Don't minimize the benefits of great support. Be it a good bra, compression socks, Spanx, family, friends, or the kind I'm going to talk about today... Sleeve sistas (and brotha's).
When we are going through weight loss surgery we NEED support - for the pre-op phase, for surgery, and especially for after surgery.
There are so many things we don't consider for post surgery... eating isn't just about nourishment for most of us - we know we should "eat to live not live to eat" but most people don't follow that rule. We eat because we are hungry, but we also eat because we are bored, we are sad, tired, mad, scared, so many other reasons besides nourishing our body. We need help to work through all of those things after surgery. We need encouragement, camaraderie, understanding, accountability, and sometimes a good ol' kick in the butt!
We can find that many places, sometimes with friends and family but sometimes we need that from someone that truly understands what we are going through... someone that has been through it or is going through it.
The occforum is a great place for that, the posts, the blogs, they are all so helpful. There is another new place where I am finding and giving that support - in the OCC Sleevers Support Group. This group was started by some of our patients and is administered by them. If you are looking for some support why don't you give it a try.... you just may find that extra help you need (and maybe a good bra recommendation too!)
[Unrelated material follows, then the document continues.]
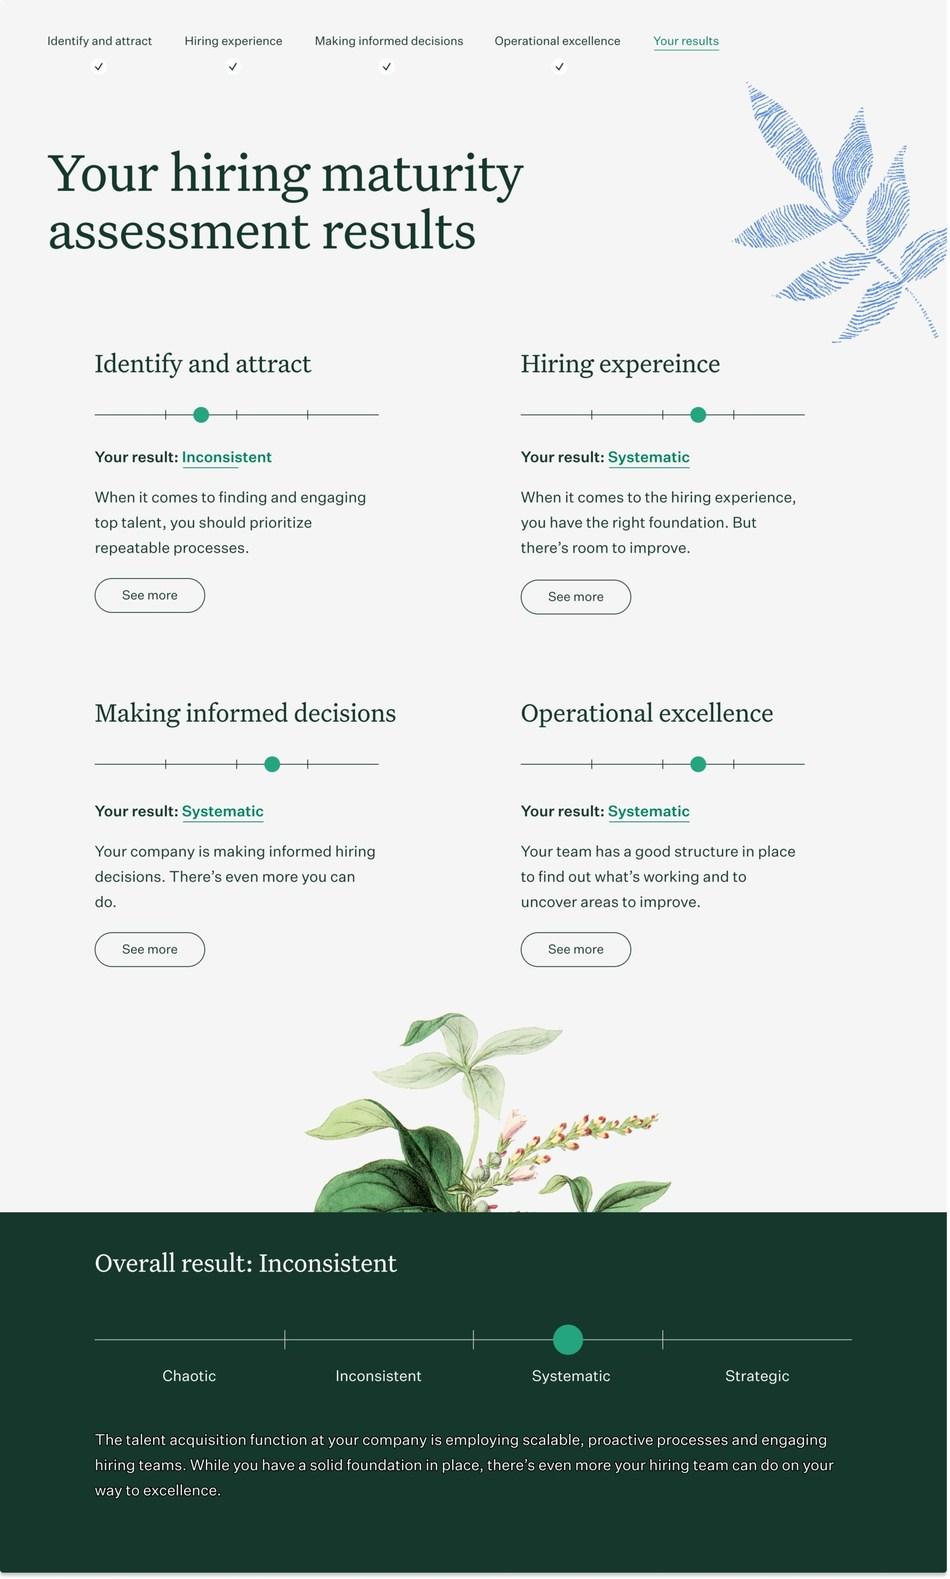 Snapshot of Greenhouse Hiring Maturity assessment results

as always, if you have any questions you can email firstname.lastname@example.org or call 1-866-376-7849 ext. 81
First, let me apologize if this post is too graphic, I just think its a fabulous way to educate you on a sleeve surgery. When I was at OCC the first week of December I had the amazing opportunity to observe several surgeries. One of them was a gastric sleeve surgery. We know that the sleeve surgery has fabulous results. Our OCC Sleeve patients get results similar to a gastric bypass surgery without all the risks and complications. And this is why...look at what is removed during this surgery. This picture is the removed portion of a stomach from a gastric sleeve surgery. Look at it... look at what it stretches out to when inflated. That is all space you can't fill anymore. AMAZING!! And look... even the part we remove is still AIR TIGHT. Remember, on the remaining stomach our surgeons go back and over suture over the staple line to prevent leaks and prevent stretching - but even this part, the part that is removed is totally air tight. Now that is a safe sleeve.
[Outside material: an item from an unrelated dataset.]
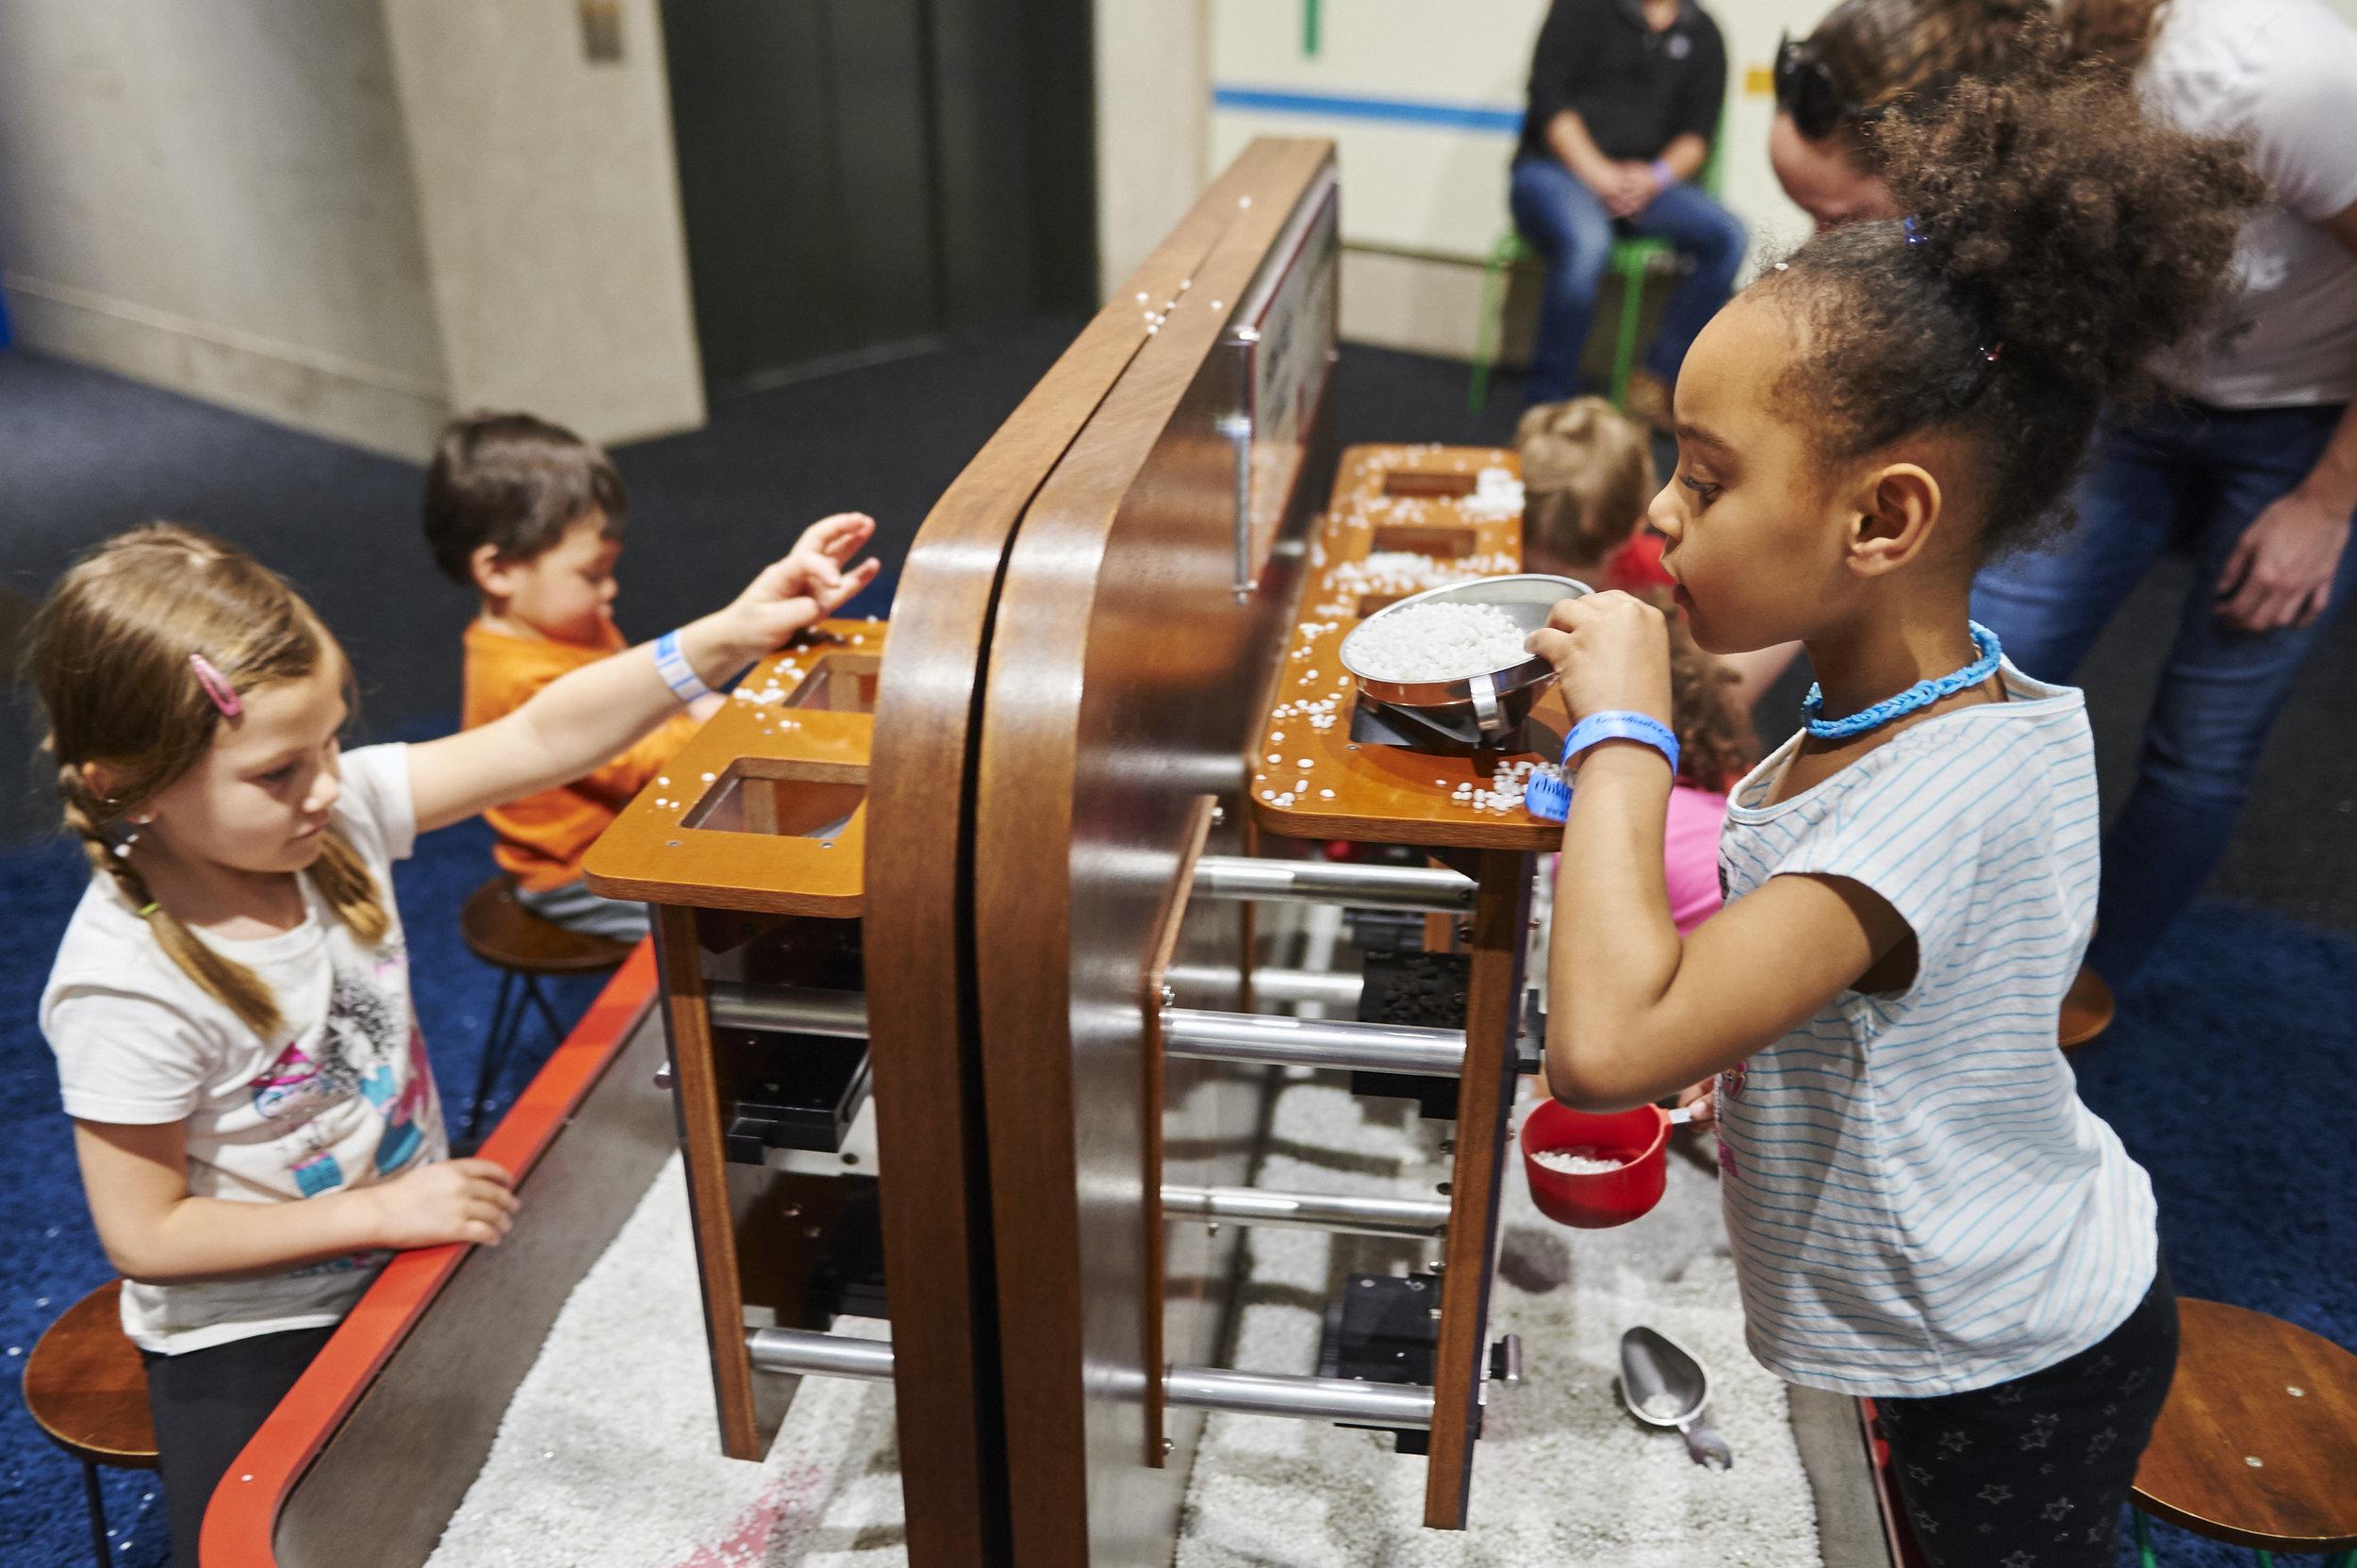 170417_ChildrensMuseum_Measure_168.jpg

I know sometimes its hard after weight loss surgery to think about what we might be missing... the foods we can't eat (or eat much of) but I am SO thankful for this... because if I could be eating more, chances are I would be eating more... and I wouldn't feel this healthy, I wouldn't be wearing a size 4 jeans, and this would be a stressful time for me, thinking of how much weight I would gain between Thanksgivng and New Years... and I'm under control, my sleeve keeps me under control. So goodbye excess, stretchy, haven't missed you for a minute stomach.... hello healthy, portion controlled life!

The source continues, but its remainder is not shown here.